Da die Gemeindebehörden hinsichtlich der sogenannten Erschütterungen im wesentlichen davon ausgingen, daß schon der bestehende Betrieb insoweit keine Emissionen hervorrufe, die gesundheitliche Schäden befürchten lassen, sodaß das neue Vorhaben, das nach den ergänzenden Ausführungen des Sachverständigen Doz. Dr. B. vom eine deutliche Verbesserung bewirken werde, bewilligungsfähig sei, die belangte Behörde aber zu einem anderen Ergebnis in Ansehung des Bestandes gelangte und deshalb die Entscheidung des Gemeindevorstandes behob, ist daher die Beurteilung der bestehenden Situation von wesentlicher Bedeutung. Bemerkt wird allerdings, daß letztlich, selbst wenn es zutreffen sollte, daß vom bestehenden Betrieb Vibrationen ausgehen, die eine Gefahr für die Gesundheit von Nachbarn befürchten lassen, zu prüfen sein wird, welche durch Schwingungen bewirkte Emissionen vom neuen Vorhaben ausgehen, zumal das Vorhaben u.a. eine Absiedelung der Webmaschinen aus dem Obergeschoß des Altbaues und eine Verlegung in das Erdgeschoß des Zubaues vorsieht, wodurch augenscheinlich eine Verbesserung des Istzustandes erreicht werden kann.
Da die obigen Ausführungen zeigen, daß der Sachverhalt in wesentlichen Punkten einer Ergänzung bedarf bzw. Verfahrensvorschriften außer acht gelassen wurden, bei deren Einhaltung die belangte Behörde zu einem anderen Bescheid hätte kommen können, war der angefochtene Bescheid gemäß § 42 Abs. 2 Z. 3 lit. b und c VwGG wegen Rechtswidrigkeit infolge Verletzung von Verfahrensvorschriften aufzuheben.
Von der Durchführung der von der Erstbeschwerdeführerin beantragten Verhandlung konnte gemäß § 39 Abs. 2 Z. 3 VwGG abgesehen werden.
Die Entscheidungen über den Aufwandersatz gründen sich auf die §§ 47 ff. VwGG in Verbindung mit der Verordnung BGBl. Nr. 104/1991. Die Abweisung des Mehrbegehrens der Erstbeschwerdeführerin betrifft Stempelgebühren für eine nicht erforderliche Beschwerdeausfertigung.
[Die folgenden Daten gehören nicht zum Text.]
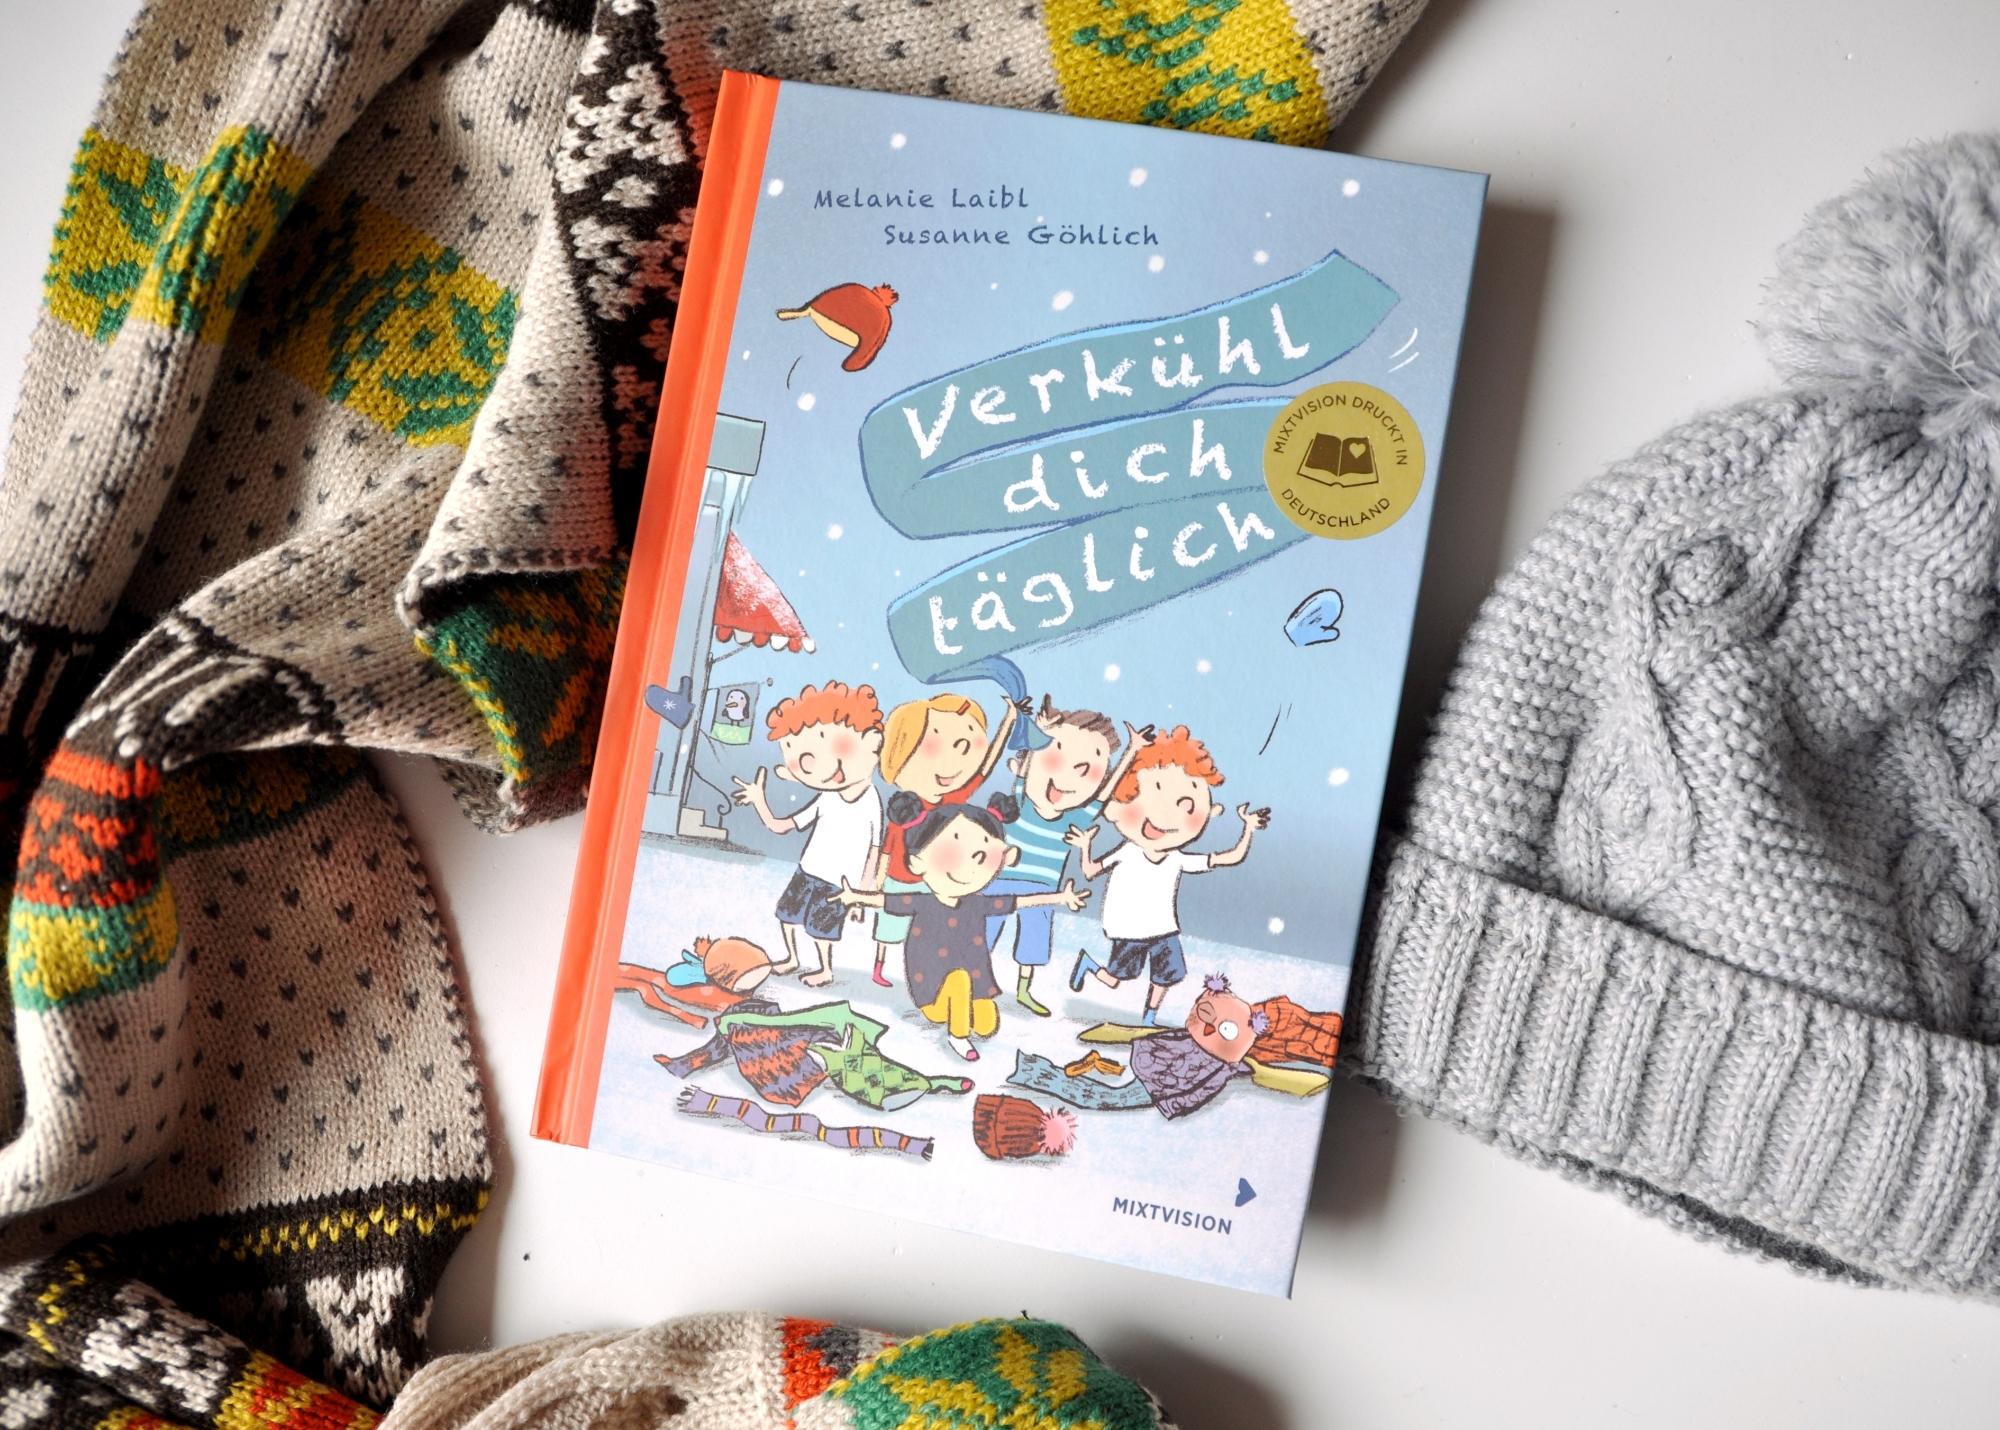 Verkühl dich täglich - 5 Kinder und die Rebellion gegen Wollschals und Strumpfhosen, Kinderbuch von Melanie Laibl für Kidner ab 7 Jahre, Rezension auf Mutter&Söhnchen

Da der in der zitierten Verordnung für den Schriftsatzaufwand vorgesehene Betrag eine Pauschalsumme darstellt, ist ein gesonderter Zuspruch für Umsatzsteuer nicht möglich, wie dies die Zweitbeschwerdeführerin beantragte. Im übrigen waren Stempelgebühren nur für die Vollmacht zuzuerkennen, zumal sonst die Gemeinde nach dem Gebührengesetz keine Stempelgebühren zu entrichten hat.